# ~~ HOW OFTEN DO I FEED RHOM? ~~



## bc_buddah (Dec 18, 2005)

got a new rhom,,, been bout a week maybe . . .

the guy i got it from said he feeds it like once a week . . .

it's kinda skinny . . . but i unno if it's just cuz it's a sanchez or what . . but . . .

HOW OFTEN DO U GUYS FEED YOUR RHOMS?!?!

i want to do everyday for a maximum strength super rhom right . . . but . . . he'll probably only eat about 1 bite a day . . . not even a mouthful, just a little bite . . . .

he's 7 inches . . pretty sure he's a rhom, cuz n e other sanchez at 7 inches wouldnt look like this right? he still has some glitter but . . . i can tell he's maturing into a dark grey, almost black

so HOW OFTEN SHOULD I BE FEEDIN EM?!


----------



## a-ronn (Jun 12, 2006)

You can feed him every other day or everyday depending on how much your rhom will eat


----------



## itstheiceman (Oct 5, 2006)

yeah, its like trying to feed a human, we only eat when hungry, maybe they got a small appetite, just when they want to eat they'll eat i guess


----------



## redrum781 (Apr 10, 2006)

a-ronn said:


> You can feed him every other day or everyday depending on how much your rhom will eat


i try to feed mine once a day, but all he ever eats is a bite or two


----------



## Mr. Hannibal (Feb 21, 2003)

I'd feed a 7" Rhom every other day (3 times a week)







!


----------



## harrykaa (Jan 10, 2005)

to Feeding and Nutrition Forum

Harry


----------



## cueball (May 24, 2005)

i think thay eat less than a red when put one on one mine only eats real good if i feed him 2 times a week ... other than that hes lazy,


----------



## welsher7 (Jul 29, 2005)

i feed my 11" 2-3 times a week.


----------



## carmenohio (Sep 5, 2006)

I feed my 4" once every 3 days, and he still will only take at most 3 bites out of tilapia or shrimp.

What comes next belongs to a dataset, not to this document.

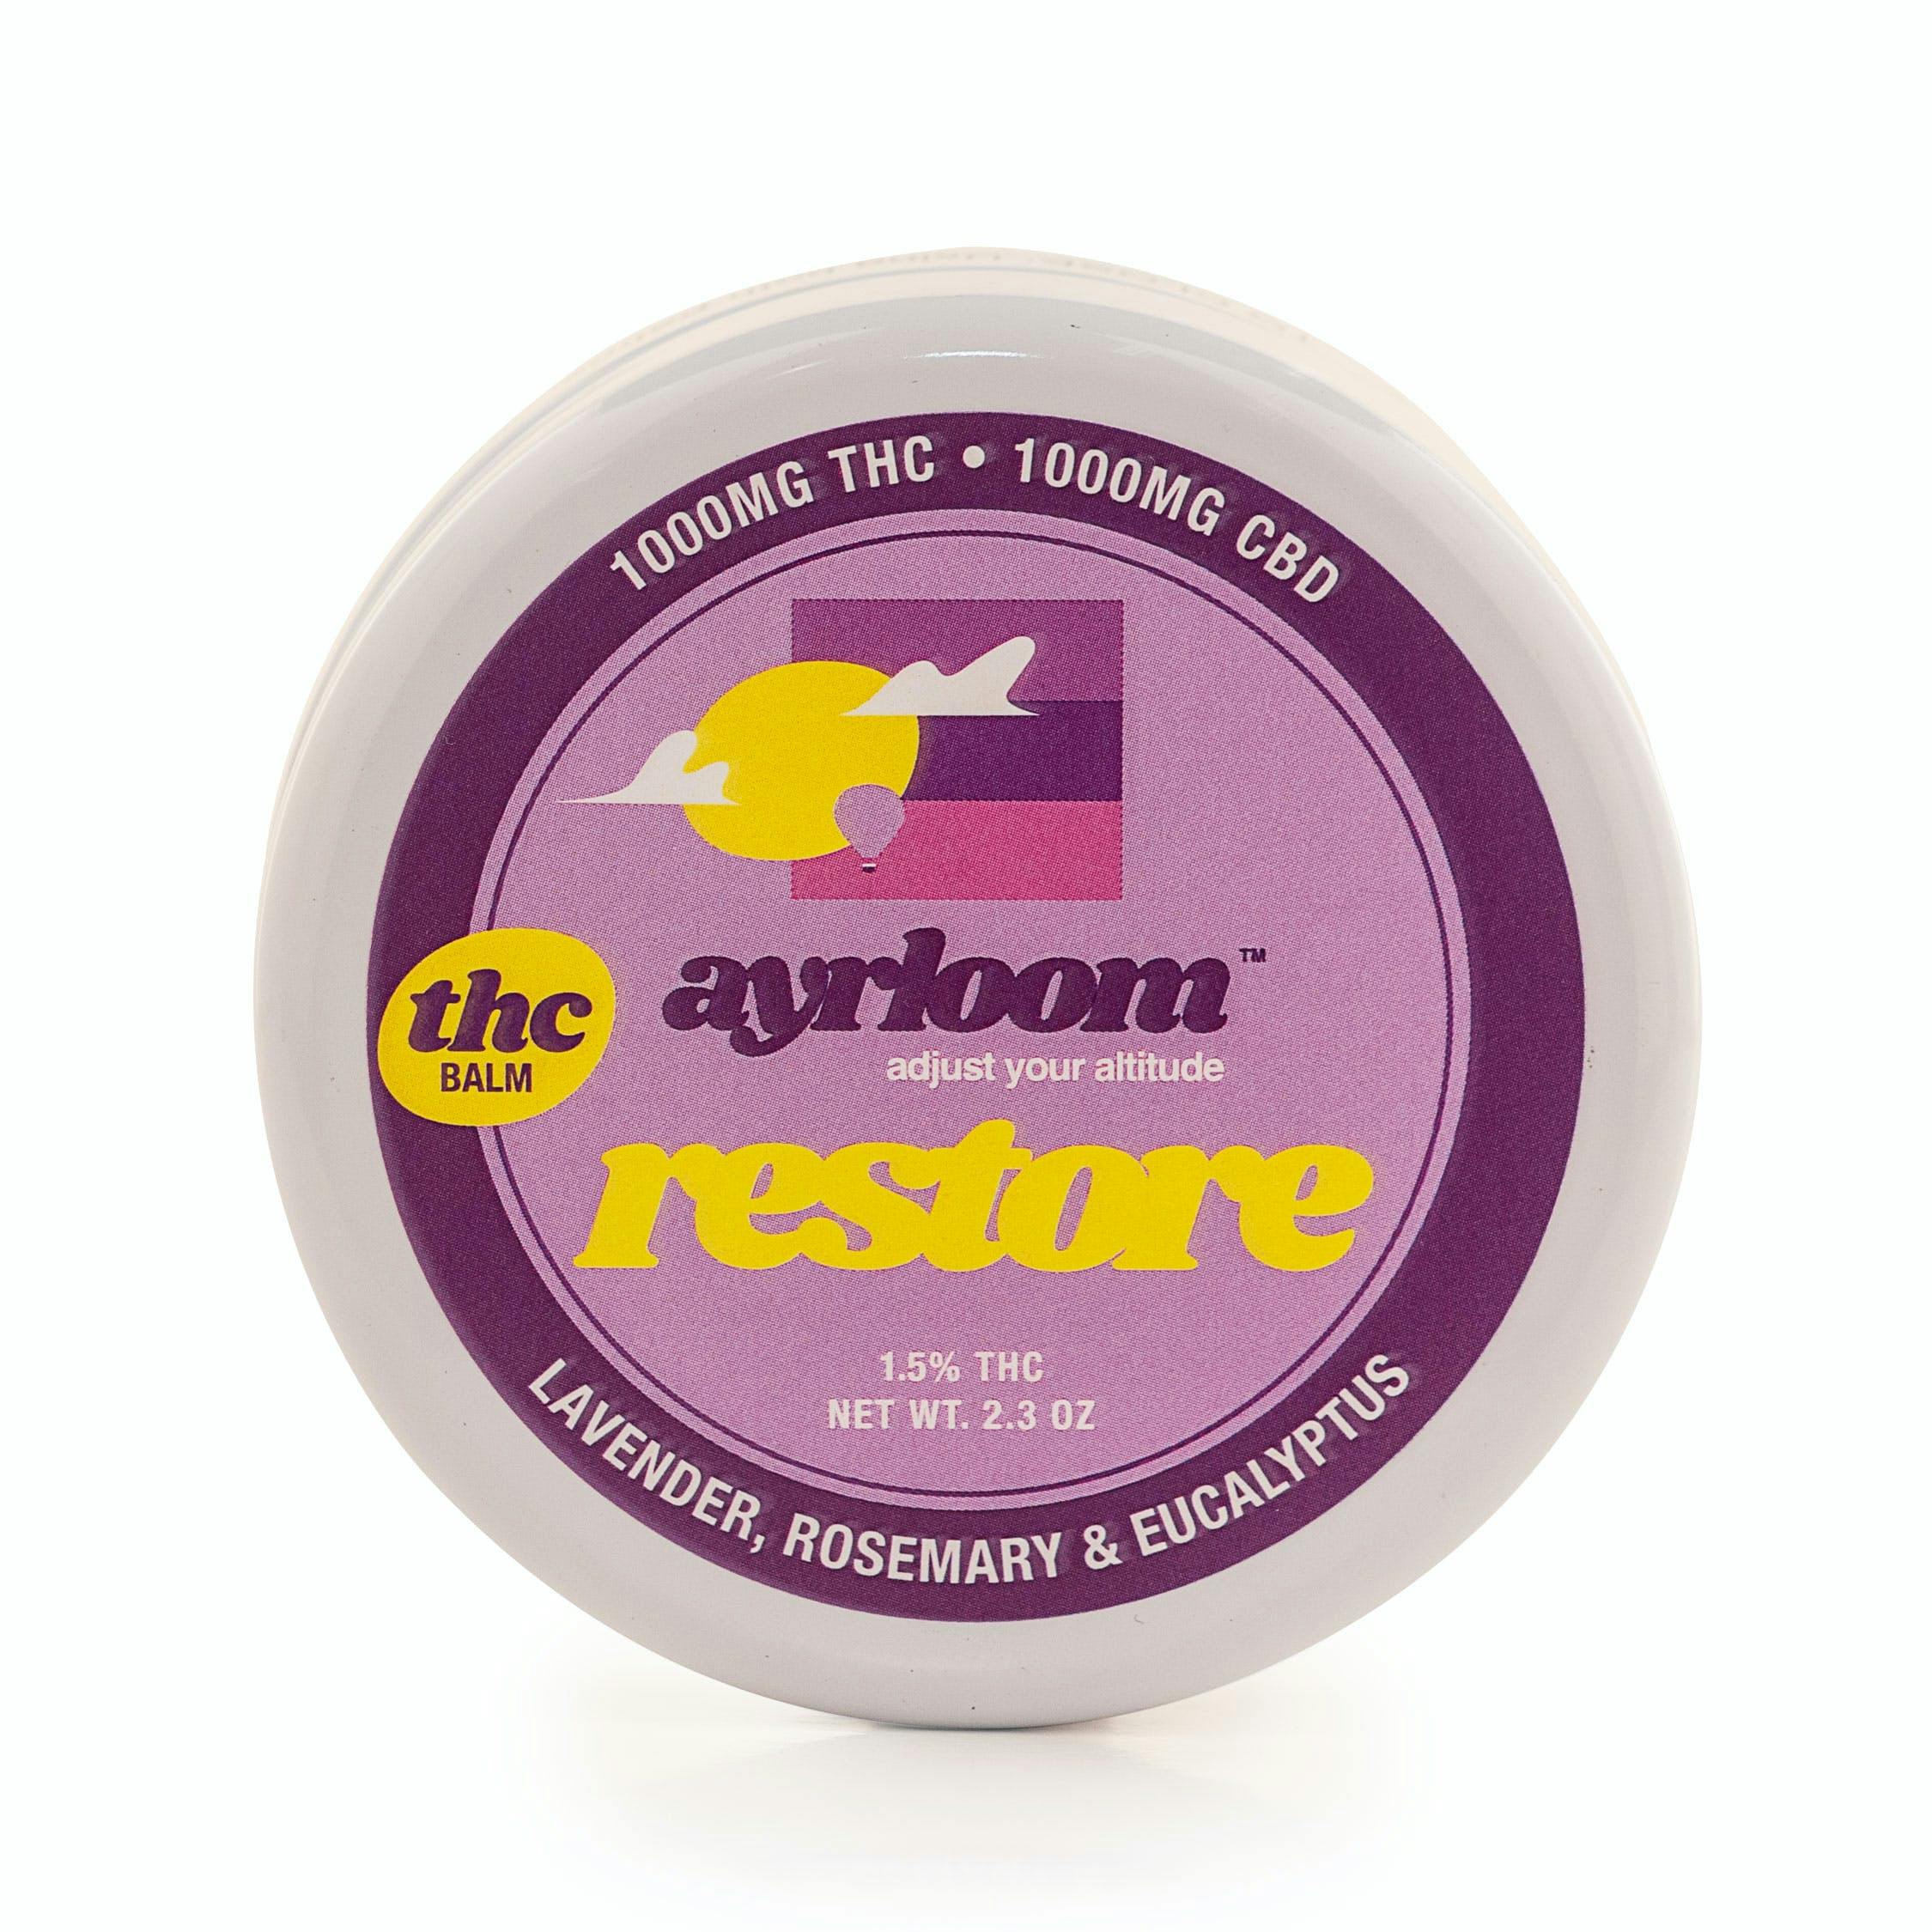 Restore • Balm - ayrloom - TOPICALS - Rockland County Weed Delivery | Treehouse Cannabis

Also do not feed them feeders early, it may look cool but they are so picky afterwards its hard to break the habit.


----------



## gimmemyshit (Oct 7, 2005)

bc_buddah said:


> got a new rhom,,, been bout a week maybe . . .
> 
> the guy i got it from said he feeds it like once a week . . .
> 
> ...


You keep saying " sanchez " ? I think you mean Serra.... as in Serrasalmus......a Sanchezi is a Serrasalmus Sanchezi and a Rhom is a Serrasalmus Rhombeus.


----------



## bc_buddah (Dec 18, 2005)

gimmemyshit said:


> got a new rhom,,, been bout a week maybe . . .
> 
> the guy i got it from said he feeds it like once a week . . .
> 
> ...


You keep saying " sanchez " ? I think you mean Serra.... as in Serrasalmus......a Sanchezi is a Serrasalmus Sanchezi and a Rhom is a Serrasalmus Rhombeus.
[/quote]

ya ur right . . .thats what i meant . . .sorry guys . . . i'ma worthless drug addict . . . i'm hoping to quit in a matter of hours . . . infact i'm going to use right after this post and hopfuly quit . . . please pray for me







i'ma mess

peace n luv :'(


----------



## gimmemyshit (Oct 7, 2005)

bc_buddah said:


> got a new rhom,,, been bout a week maybe . . .
> 
> the guy i got it from said he feeds it like once a week . . .
> 
> ...


You keep saying " sanchez " ? I think you mean Serra.... as in Serrasalmus......a Sanchezi is a Serrasalmus Sanchezi and a Rhom is a Serrasalmus Rhombeus.
[/quote]

ya ur right . . .thats what i meant . . .sorry guys . . . i'ma worthless drug addict . . . i'm hoping to quit in a matter of hours . . . infact i'm going to use right after this post and hopfuly quit . . . please pray for me







i'ma mess

peace n luv :'(
[/quote]

If you are serious.....I wish you goodluck.....I have struggled for years with staying away from destructive behavior. You have a very beutifull Rhom there......looks healthy.


----------